Monday, 16 June 2014

Youth Day

Public Holiday! To commemorate the Soweto uprising in 1976 when school children took to the streets. I know that there are some gatherings held around the country but I haven’t seen any in Pietermaritzburg. So my own commemoration will be this blog post.

When I switch on the radio I hear about the Youth Employment Accord, which was signed by government, labour, business and civil society in April 2013. But I don’t see a lot of energy in this. Not even today.

There are two other things I would like to highlight. First of all the ending of the mourning period for Nosizwe Graca Mandela and Winnie Madikizela Mandela. Both the wife and the ex-wife of Madiba have been wearing black mourning garments for six months and they have not been allowed to make public appearances. It is reported by among others SABC News.

This coincides with the release of the memoirs of Madibas former secretary, Zelda le Grange. eNCA news writes that she has written about how the family of Madiba treated his wife Graca. I am not going to comment but I think I will need to buy the book and read it. Sadly there are a lot of conflicts in the Mandela family. As in many other families, of course. Reconciliation is never easy. But generally speaking I wonder if the mourning tradition is helpful. In an article written by Mercy Amba Oduyoye I read about this tradition as an expression of a thought 
… a husband’s soul will not rest until the widow has completed elaborate mourning rites and has been purified.
Widowers on the contrary are encouraged to get a new sexual partner as soon as possible. Oduyoye writes about traditions in other parts of Africa, I am aware of that. But as far as I know the rules are the same in South Africa. Men do not need to go though the same mourning rituals as women. (The article is: Oduyoye, Mercy Amba. 1992. ‘Women and Ritual in Africa’ in Oduyoye, M. A. and Kanyoro, M. R. A. eds: The Will to Arise. Women, Tradition and the Church in Africa. Pietermaritzburg: Cluster Publications. 9-24). 

Another area where reconciliation is tested is in the mining industry. The strike in the platinum belt has been going on for  five months. Now it seems as if the parties are coming closer to an agreement. The churches have been involved recently.

In a press relaeas from the South African Council of Churches Bishop Malusi Mpumlwana, acting General Secretary of the SACC, says:
Since the minister’s intervention has not yielded the envisioned results, we are offering our physical presence to the process in order to create a fresh, neutral space within which to try and build on the work done thus far to bring the two parties to agreement for the sake of the starving families and the economy of the country which is in distress.
A year ago Hans S A Engdahl and I wrote an article in the Ecumenical Review. "Ecumenical Space. Expanded for Whom?" (Engdahl, H. and Göranzon, A. 2013. Ecumenical Space. The Ecumenical Review, 65: 258–277.) In that article we worked with the concept of " ecumenical space". It is therefore interesting to read about the "space" concept being used by the SACC.

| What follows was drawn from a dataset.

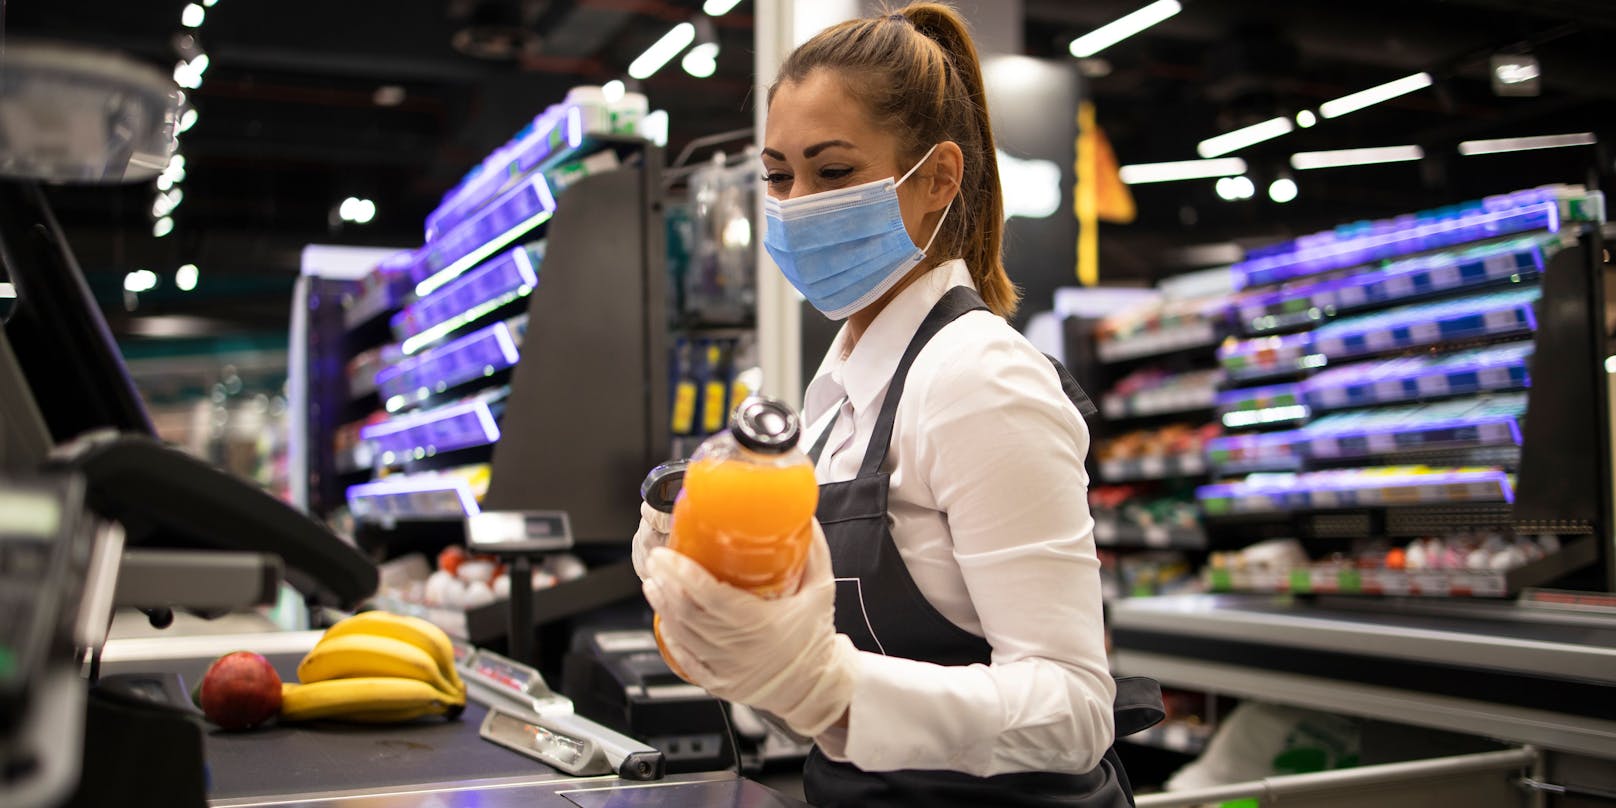 Überlastung, Personalmangel und mangelnde Wertschätzung machen den Supermarkt-Mitarbeiter schwer zu schaffen.

Another Church leader who has engaged himself over this issue is the Anglican Archbishop, Thabo Makgoba, who prays on his blog:
May each put themselves in the shoes of the other and move forward together for the sake of the common good and the safety of all, especially the employees.
It is Youth Day in South Africa. As a couple we celebrate our 30th wedding anniversary. We are thankful that we can live in this wonderful country and we also pray that the sacrifice those school children made in 1976 will not be in vain.